Below are the entries. Transcribe exactly the lines from the one with "Ultimaker 2:n kuljetuksen" through the one with "Chuyên cung ứng", ends included, and leave out all others.

◆ **Listed entries**:
####

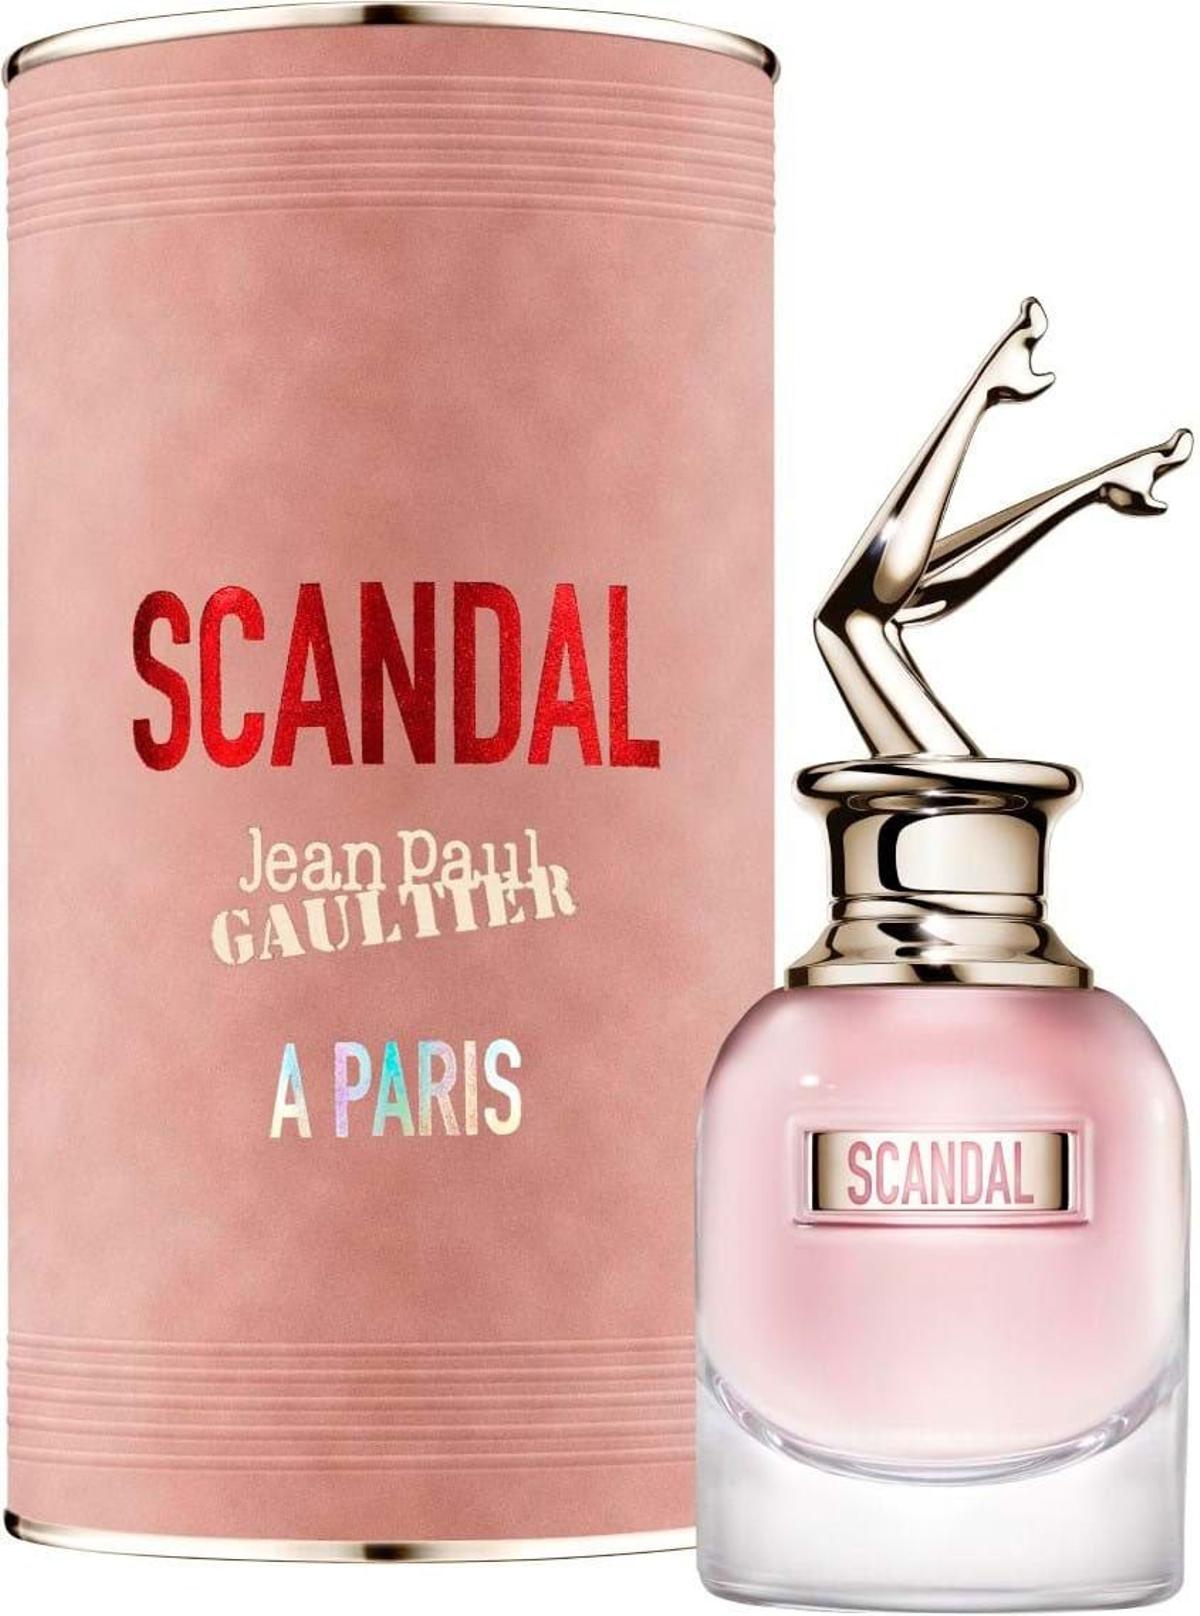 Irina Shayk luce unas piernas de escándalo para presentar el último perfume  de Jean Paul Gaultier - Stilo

####

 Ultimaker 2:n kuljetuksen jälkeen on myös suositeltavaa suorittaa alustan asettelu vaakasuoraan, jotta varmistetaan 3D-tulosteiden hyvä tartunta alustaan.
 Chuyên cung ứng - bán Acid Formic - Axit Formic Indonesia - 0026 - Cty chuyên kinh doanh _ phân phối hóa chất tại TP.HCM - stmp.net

####

◆ **Answer to this task**:
 Ultimaker 2:n kuljetuksen jälkeen on myös suositeltavaa suorittaa alustan asettelu vaakasuoraan, jotta varmistetaan 3D-tulosteiden hyvä tartunta alustaan.
 Chuyên cung ứng - bán Acid Formic - Axit Formic Indonesia - 0026 - Cty chuyên kinh doanh _ phân phối hóa chất tại TP.HCM - stmp.net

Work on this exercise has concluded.